I've been thinking about adoption a lot lately. It seems to come up all around me. And for the LONGEST time (since my birthday, I think) I've been putting off the impression that I should share some of my feelings on adoption and how much open adoption has been a blessing to me.
Part of what I've been wanting to say is not so good, and has nothing to do with wholesome impressions to share fuzzy feelings. And that is the really bad feelings I get when faced with others in similar situations. To be perfectly honest, I get terribly judgey of young pregnant girls who decide to parent their babies. It is RARELY a good situation for anyone involved, and I can rarely look at it as anything but a selfish decision. I know how it feels to be pregnant. I know how you can't help but think of the cute cuddly baby who will love you and be loved and be the most precious thing in your life.

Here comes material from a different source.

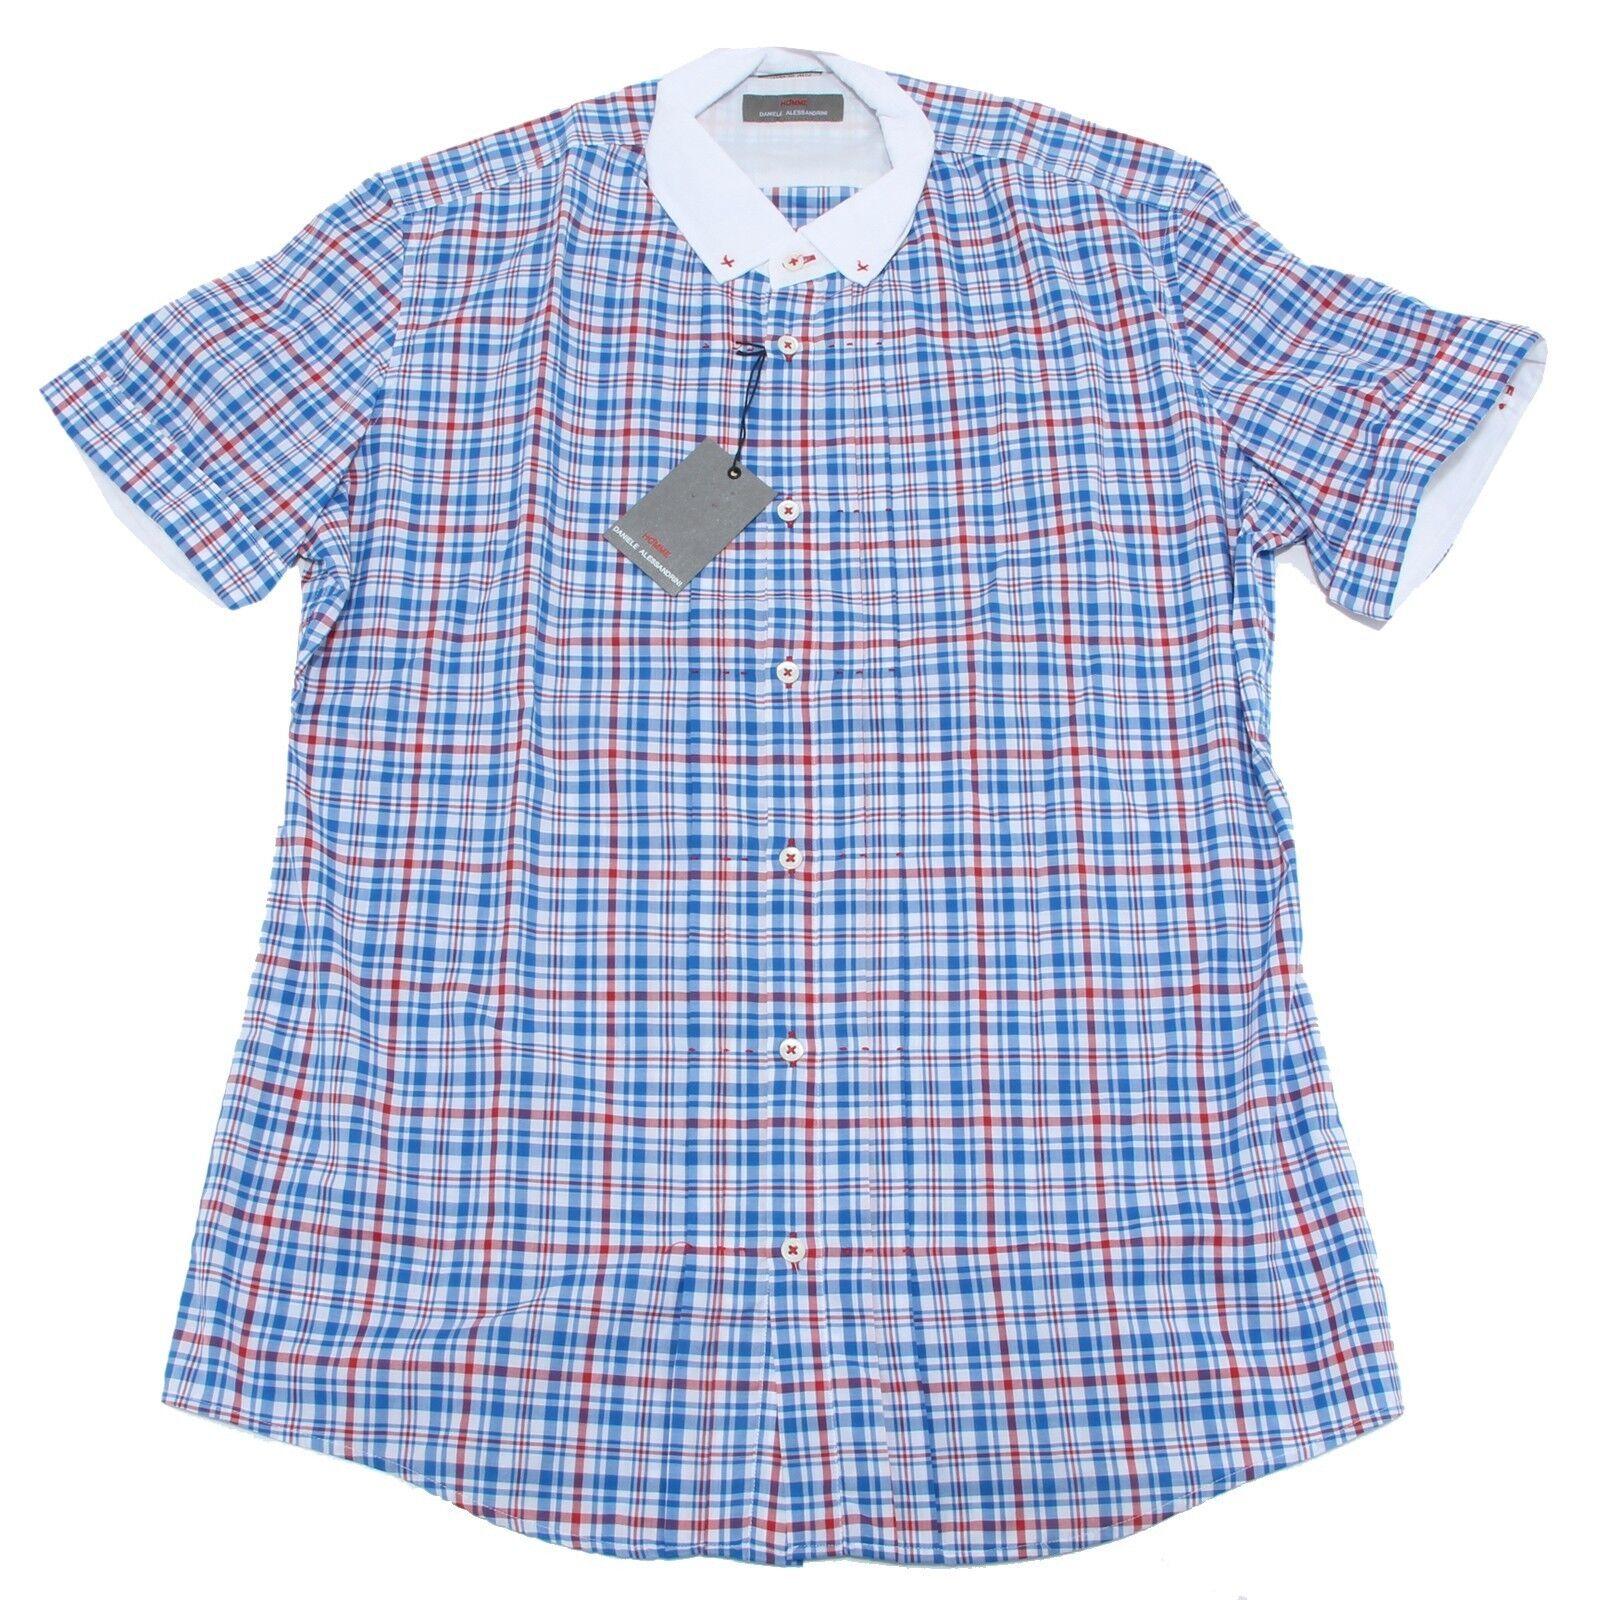 8115 camicia camicia camicia manica corta DANIELE ALESSANDRINI HOMME uomo shirt men f0d660
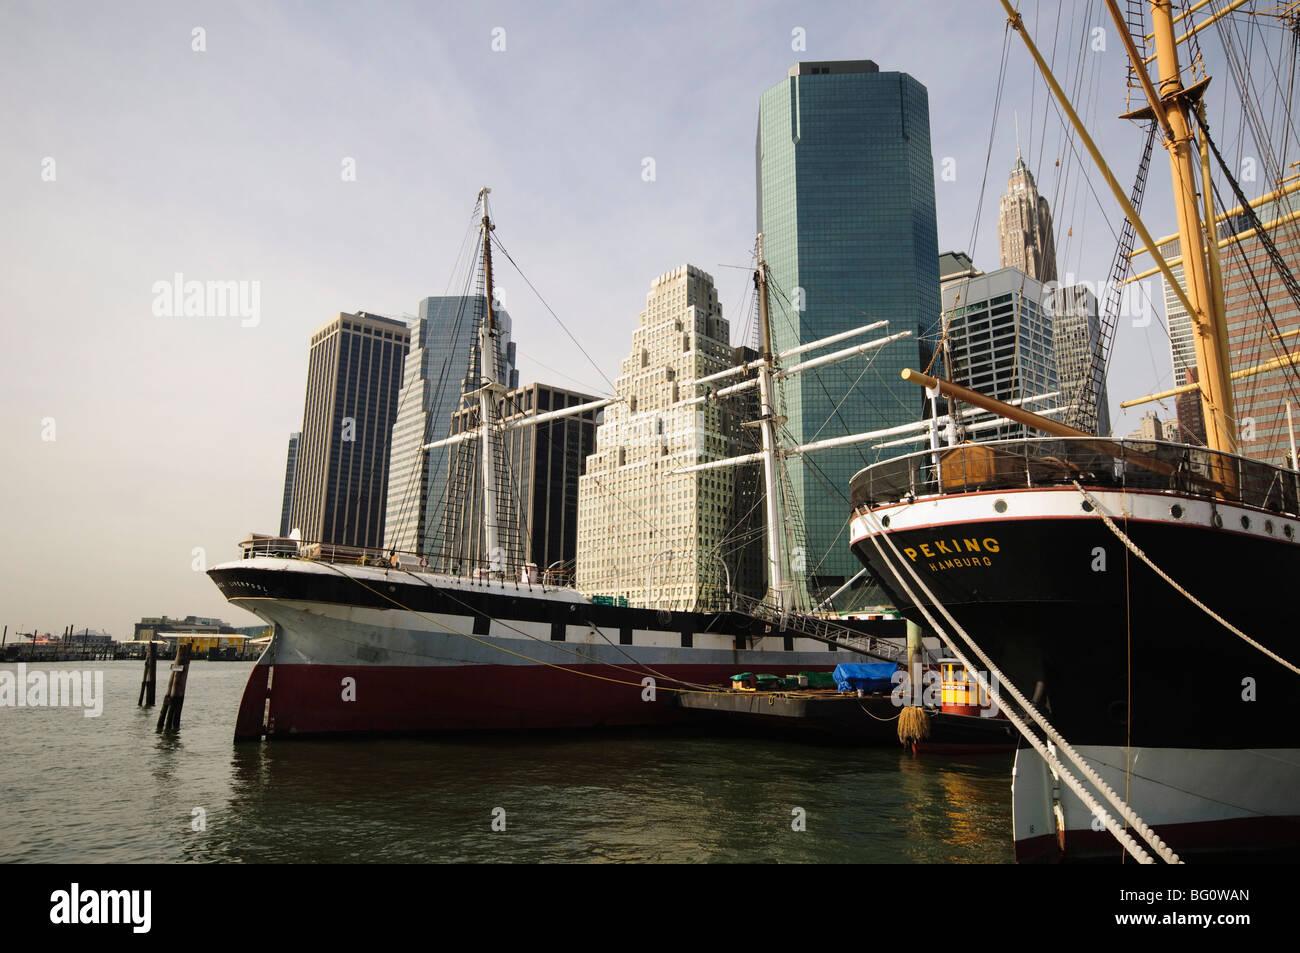 South Street Seaport, Lower Manhattan, New York City, New York, États-Unis d'Amérique, Amérique Photo Stock

I know how hard it is to think of giving that up forever! So I can't think of any good excuse to subject and innocent child to your unresolved baggage, and barely out of high school (or not even out of high school) education, career, and financial stability. It just makes me so mad when I see these young people barely making it by themselves, even living in their parents' houses still, talking about how cute and fun it's going to be to have a little baby and dress him in his cute little clothes and play house with an ACTUAL PERSON'S LIFE.
Yes, I get over emotional about it. And I'm sure I will offend people with my vent. And I'm sorry. Kind of. But not really. Call it one of my pet-peeves. People are allowed to be irrational about pet peeves, right?
Anyway. On the more fuzzy-feeling side...
While we were vacationing at Tahoe, there was a rumor that my grandma-in-law was going to ask family to share a spiritual experience in a sort of family testimony meeting. That never happened. But it did get me thinking about the most spiritual experience of my life, which was (surprise!) placing Isabelle for adoption (you didn't see that coming, did you?).
I have never felt my Heavenly Father's direct touch in my life so much as when he was guiding me to her family. I've said it over and over, and I will say it again: I clearly know that he was guiding my steps- and her family's- quite directly so that she ended up in the right place. There were so many small and large coincidences involved in her adoption; so many times when, if the timing were just slightly off, she would have ended up somewhere else entirely. So many clear spiritual promptings that led us to each other, at just the right time, so that this particular child would be with that particular family. What an amazing testimony of the importance of families. When I met them, I felt an overwhelming sense of peace. Something that had been conspicuously absent through the whole ordeal of pregnancy and coming to terms with the idea of "giving up" my baby. She clearly belonged with them, and it was clearly the right thing for everyone, and it made an almost impossible prospect feel right and good. Still painful; I don't think that can be avoided, for anyone in that situation, but much easier to heal from.
We have an open adoption, obviously, and people have questioned whether that is really the best thing. I absolutely think it is, for us. I know it can be hard, especially for adoptive parents! I can't imagine not having some feeling of "No, this is MY baby!" Or feeling just a tiny bit resentful at having to "share." But for my part, having an open adoption has helped me let go like nothing else could. Seeing her happy and well, and reinforcing that feeling that she is where she belongs, keeps me from holding on to the idea that she is "my baby," or second-guessing my decision. I feel like if I had cut off contact just after seeing her and holding her when she WAS still my baby and little and sweet and innocent... or even just after she was born, if I had decided to never see her or hold her, I wouldn't be able to erase the memories of being pregnant and feeling her grow and move inside me. If I had decided to cut off contact at that point, how could I possibly move past it? It's not something you can ever forget, so instead I would be left cut off at the emotional state of being a new mom, and then... nothing. Now, I've had the chance to grow with her, to slowly let her go, to come to see her as Wendy and Tyler's cute little girl whom I love with the unconditional love of a parent. Open adoption is an amazing, healing thing.
As an interesting side-note, I've done several adoption forums with other birth moms. At one in particular, the coordinator expressed frustration to me about getting a variety of birth moms for the panel- she says that those with closed adoptions rarely, if ever, agree to rehash it. She had one who did agree, but backed out at the last minute, saying "That's not a part of my life I want to remember." How sad to be left with nothing but the pain of the experience. I love my adoption, I love Isabelle, and I love her family. And I love talking about it, and remembering what a wonderful, amazing, spritual experience the whole thing was. I can't call it a mistake. It was a few poor choices that led to an amazing opportunity for growth, and the chance to see Heavenly Father work miracles to bring eternal families together.